Vertical vs. Horizontal Scalability

Understanding that systems can scale vertically or horizontally, up or down, and out or in

Published in

Software Architecture/Design Essentials

3 min readDec 24, 2022

As defined in a previous post, scalability is the ability of a system to do more or bigger work with an increase in system resources (CPUs/cores, memory, IOPS, etc.) or units (nodes, machines, etc.) — usually, without material impacting performance. Scalable systems may be vertically scalable, which means they can scale up and down. Or, they may be horizontally scalable, which means they can scale out and in. Or, they may be both vertically and horizontally scalable. This article explains all of these concepts.

Vertical Scalability and Scale-Up/Down

A system is said to be vertically scalable if increasing its resources enables it to do more work. For example, if a Web application can serve a larger number of concurrent requests if hosted on a bigger server (physical machine, virtual machine, container, etc.), it is vertically scalable.

A vertically scalable system may be scaled up or down:

Scaling up refers to increasing the system’s capacity by increasing the resources. For instance, an increase in the underlying server’s CPUs/cores might enable a Web application to serve more concurrent requests.
Scaling down refers to decreasing capacity by decreasing the resources.

Horizontal Scalability and Scale-Out/In

A system is said to be horizontally scalable if increasing nodes/machines enables it to do more work. For example, in general, adding additional brokers to a Kafka cluster increases the cluster’s capacity, so it is horizontally scalable.

Horizontally scalable systems may scale out or in:

Scaling out refers to adding more nodes to increase capacity.
Scaling in refers to reducing nodes to decrease capacity.

Linear Scalability and Scalability Factor

A linearly scalable system is one whose capacity increases proportionately as its resources or units increase.

Say, the maximum throughput of a given server application is 1000 transactions/second (TPS).
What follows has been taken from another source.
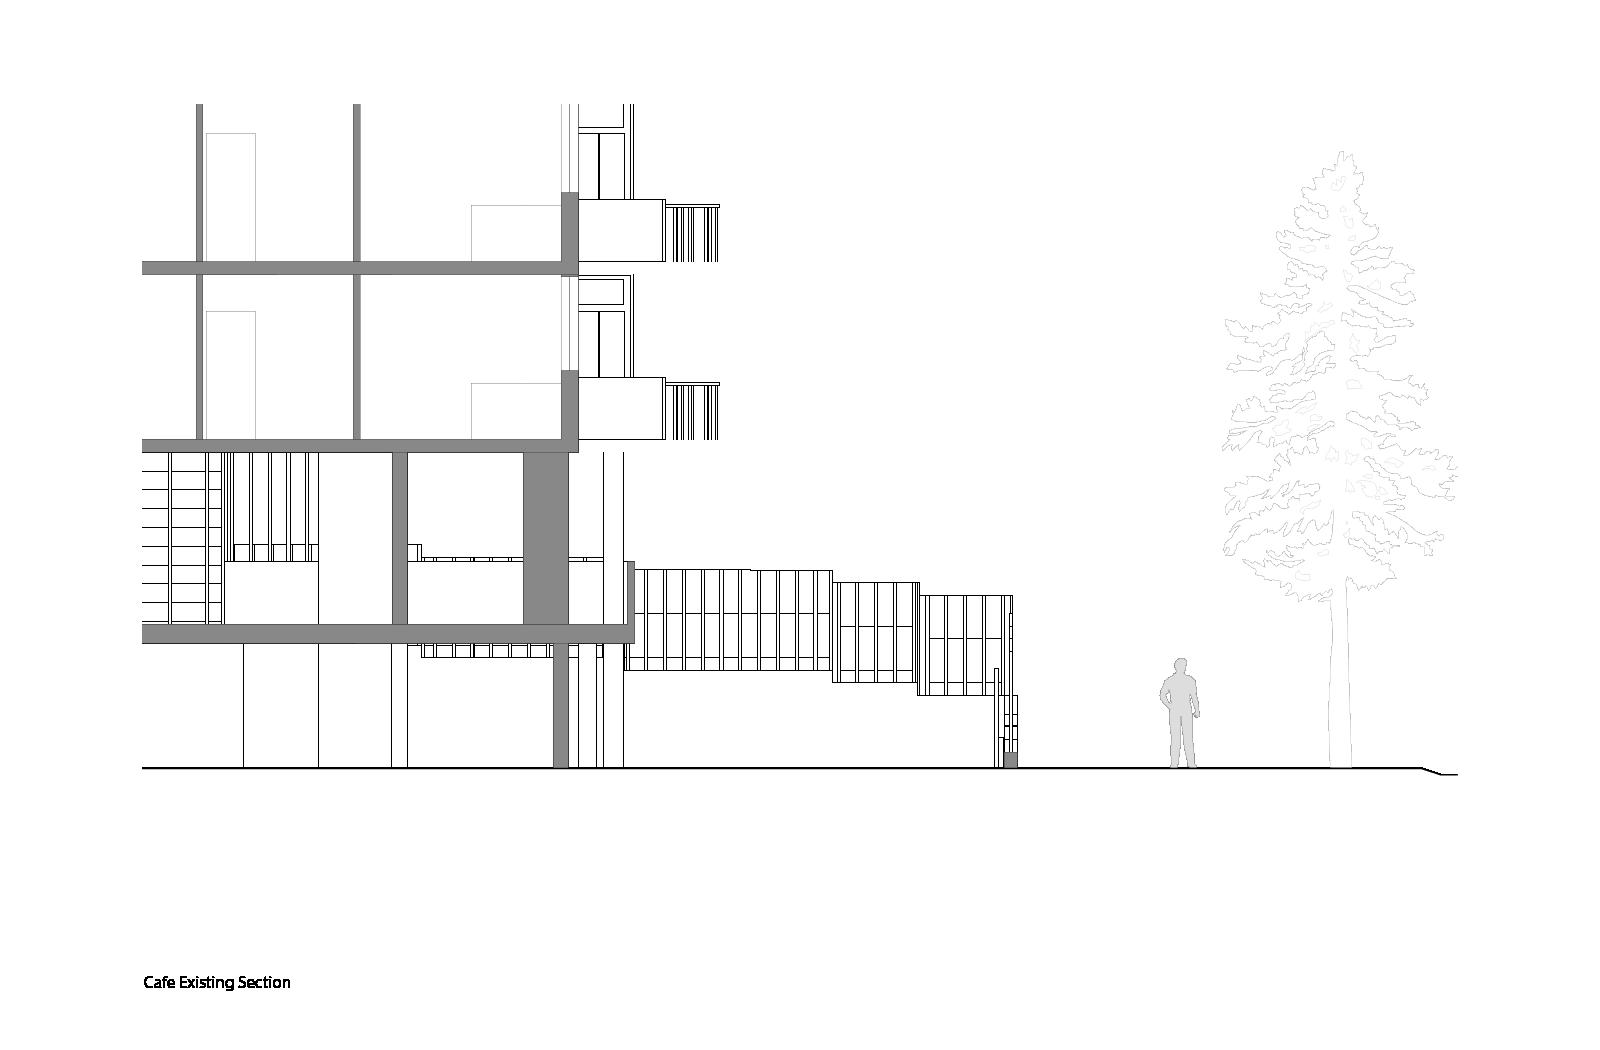 58 Carr street - adaptive reuse diagrams McGregor Westlake Architecture

Assume that doubling the underlying host’s memory and CPU cores enables it to support twice the throughput - 2000 TPS. Similarly, tripling the resources enables it to serve 3000 TPS. We can then say that the system is linearly scalable in terms of throughput - at least between 1000-3000 TPS.

A linearly scalable system is said to have a scalability factor of 1. The scalability factor refers to the factor by which capacity increases with an increase in resources/units.
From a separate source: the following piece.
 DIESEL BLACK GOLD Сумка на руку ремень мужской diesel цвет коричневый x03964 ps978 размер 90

Many systems that exhibit vertical or horizontal scalability are not linearly scalable: they have a scalability factor of less than 1. In other words, they exhibit sub-linear scalability.

Even if a system does exhibit linear scalability, it may not do so indefinitely — there may be an upper limit (or a “ceiling”) on how much it can scale up/out. Most systems also have a lower limit (or a “floor”) on how much they can scale down/in.

Summary

A horizontally scalable system can be scaled up or scaled down by increasing or decreasing its resources (CPU, memory, etc.).

Similarly, a vertically scalable system can be scaled out or in by increasing or decreasing the number of units (nodes, machines, etc.).

The factor by which a system scales up/down or out/in as resources/nodes increase/decrease is its scalability factor. As far as I’ve seen, very few scalable systems exhibit linear scalability — most systems exhibit sub-linear scalability. Superlinear scalability is rare.